Droop control is widely used in energy distribution in DC microgrids for its advantages such as high reliability and plug-and-play. Zhou et al. (2020) introduced an optimal control method for multi-battery energy storage systems in islanded DC microgrids, leveraging the PI consensus algorithm to enhance robustness against time delays. However, this and other studies (Li et al., 2022) failed to address the crucial issue of SOC balancing in their control loops, potentially causing overcharging or over-discharging of energy storage units.
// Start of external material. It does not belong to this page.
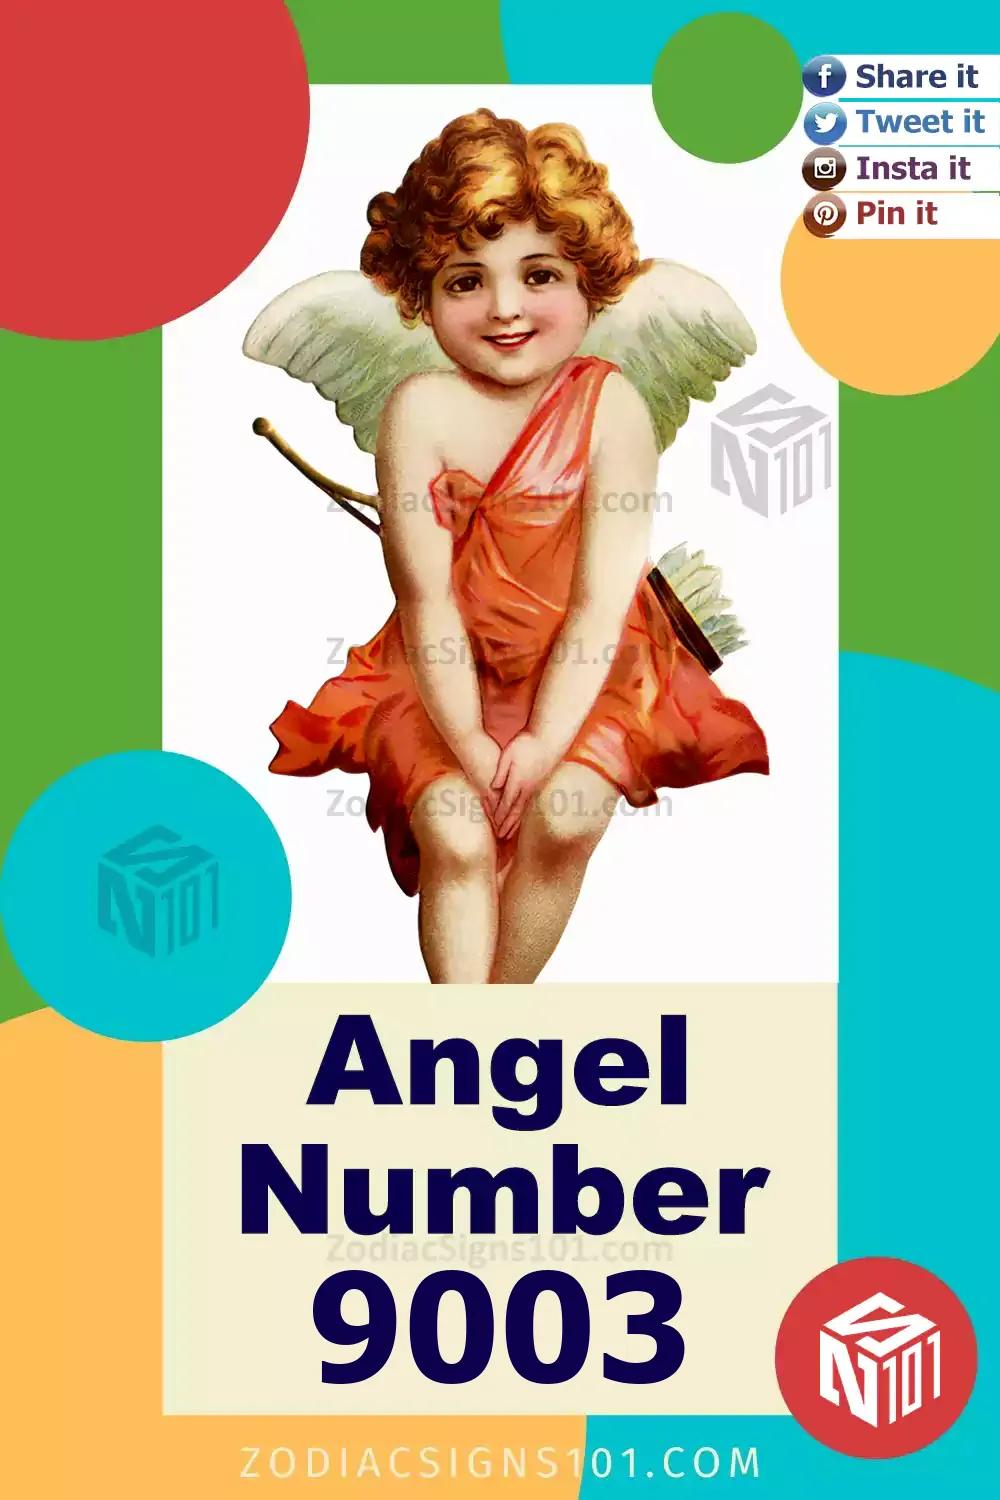 9003 Angel Number Meaning

To address SOC balancing, research has explored linking the droop coefficient and SOC. Lu et al. (2014) and Lu et al. (2015) constructed a link by a power function to dynamically adjust the droop coefficient to achieve fast SOC equalization. However, the SOC equalization accuracy is low, and the bus voltage drop introduced by the droop coefficient has not been effectively compensated. To eliminate the bus voltage drop, Li et al. (2014) and Shahbazi et al. (2016) not only modified the virtual impedance but also dynamically adjusted the output voltage reference of the DESU based on changes in SOC to achieve SOC equalization and bus voltage stabilization. Zhi et al. (2020) designed the droop coefficient to be proportional to SOC during charging and inversely proportional to SOC during discharging, thus achieving both SOC equalization and power equalization and improving the stability of the DC bus voltage by enhancing the inertia of the DC microgrid. Xu et al. (2020) achieved SOC equalization by setting the droop coefficient to be inversely and positively proportional to the nth power of SOC during charging and discharging, respectively. In addition, the given reference voltage is changed by the multi-intelligent body technique, which compensates for the bus voltage variation caused by the droop coefficient. However, the aforementioned studies did not consider the effect of line impedance on SOC equalization and power distribution.
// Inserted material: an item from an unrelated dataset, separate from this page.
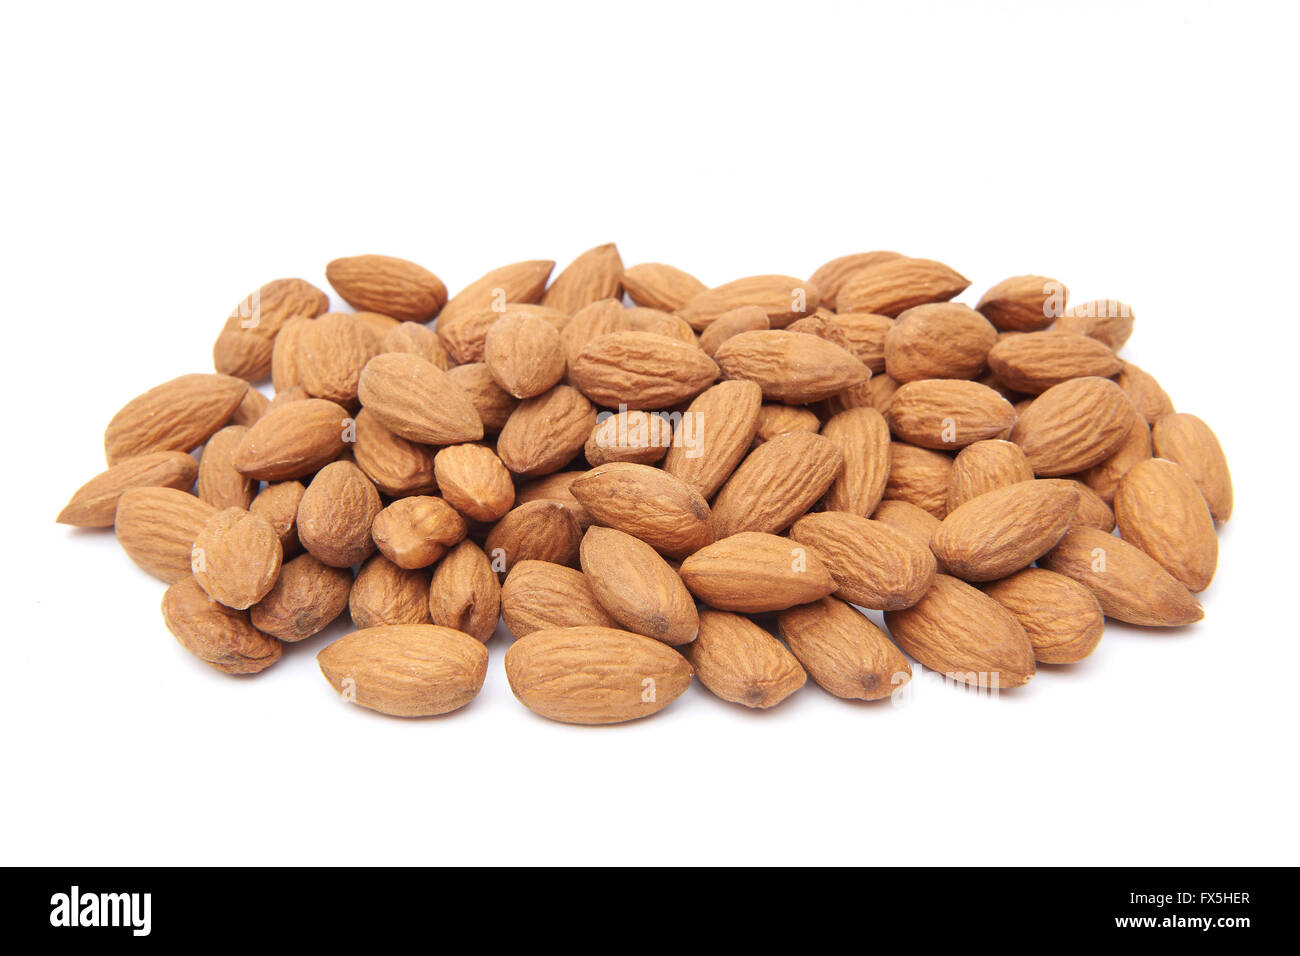 Closeup image of unshelled almonds isolated on a white background Stock Photo

To simultaneously stabilize the bus voltage and eliminate the influence of line impedance on SOC equalization and current distribution, an autonomous voltage regulation scheme was proposed by Yang et al. (2018), which compensates for the voltage drop caused by line impedance by setting virtual resistors to achieve stable voltage. However, the value of the virtual resistance is equal to the line impedance, so the line impedance information must be known, and the line impedance is affected by factors such as environmental changes, which leads to unequal line impedance and makes impedance information difficult to obtain accurately, further reducing the effectiveness of the control method. Liu et al. (2018) measured line resistance information by injecting pulse perturbations and detecting changes in the output voltage and current, which are used to compensate for droop coefficients and restore DC bus voltage. However, in practical operation, it is difficult to eliminate interference caused by various environmental factors, so the accuracy of this method is not high enough. To completely eliminate the influence of line impedance on SOC equalization and accurate current distribution, Chen et al. (2018) proposed a two-level layered voltage control scheme, which uses a consistency algorithm to estimate the average DC bus voltage, eliminates the influence of line impedance, and achieves SOC equalization and voltage stabilization. Shafiee et al. (2014) proposed a distributed hierarchical control framework, which adjusts the droop coefficient in real-time based on changes in SOC in the primary control layer. A voltage regulator based on the consistency algorithm is introduced in the secondary control layer to eliminate the bus deviation, and again, the power equalization distribution is achieved by a power controller. Hoang and Lee (2019) proposed a virtual power rating method based on SOC, which achieved accurate current distribution. However, the aforementioned literature did not consider the situation where the capacity of DESUs is different.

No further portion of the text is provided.